Dexmedetomidine is a highly selective and potent α2 adrenergic receptor agonist with an α1/α2 ratio of 1 : 1,620, comparing with clonidine, which is only a partial agonist with an α1/α2 ratio of 1 : 220 [1]. Belgrade and Hall [2] showed that dexmedetomidine could reboot opioid sensitivity in patients with opioid-induced hyperalgesia (OIH) to attenuate pain intensity and lower opioid doses. In addition, dexmedetomidine might contribute to the recovery of normal nociceptive and antinociceptive responses.

Some studies have reported the role of α2 adrenergic receptor agonists in modulating pain sensitivity known as OIH. These studies showed that α2 adrenergic receptor agonists attenuate opioid-induced post-infusion antianalgesia and prevents opioid-induced post-infusion secondary hyperalgesia. These data suggest that α2 adrenergic receptor agonists may play a role in OIH modulation [3-5].

Remifentanil is an ultra-short-acting µ-opioid receptor agonist associated with a predictable and rapid recovery that is independent of the dose and duration of infusion. Its unique pharmacokinetic characteristics make it an effective anesthetic adjuvant, commonly used in general anesthesia [6]. However, considerable evidence suggests that exposure to high-dose remifentanil paradoxically enhances pain sensitivity and increases analgesic requirements [7-9].

In this study, we evaluated the antihyperalgesia effects of a two-step intravenous infusion of dexmedetomidine on high-dose remifentanil-induced hyperalgesia, which presented a decreased mechanical hyperalgesia threshold, enhanced pain intensity, a shorter time to first postoperative analgesic requirement, and greater morphine consumption.

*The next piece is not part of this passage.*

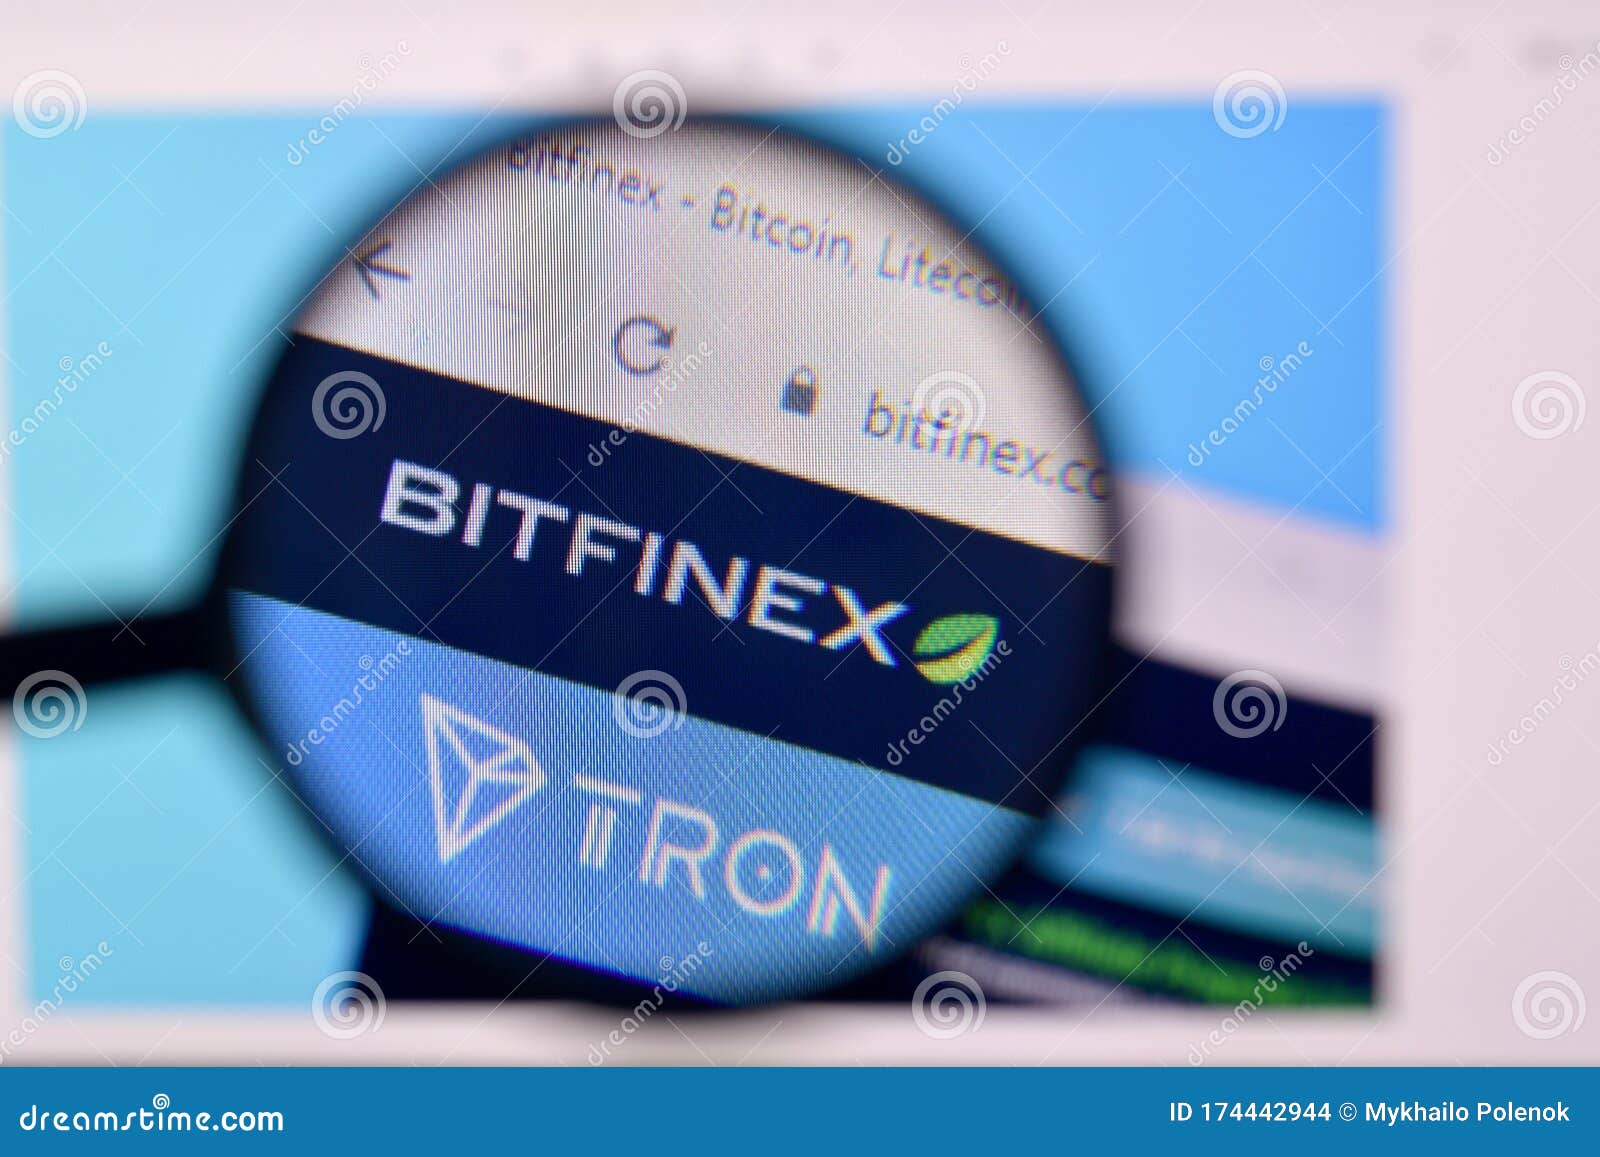 Homepage Of Bitfinex Website On The Display Of PC, Url ...

We obtained approval from our Institution Review Board and written informed consent from all participants. Ninety (n = 30 per group) American Society of Anesthesiologists physical status I-II patients aged 20-65 years who were scheduled for laparoscopically assisted vaginal hysterectomy (LAVH) were enrolled in this study. Exclusion criteria included allergy to dexmedetomidine, clinically significant medical or psychiatric conditions, pregnancy, a history of alcohol or drug abuse, or opioid-containing pain or sedative medications.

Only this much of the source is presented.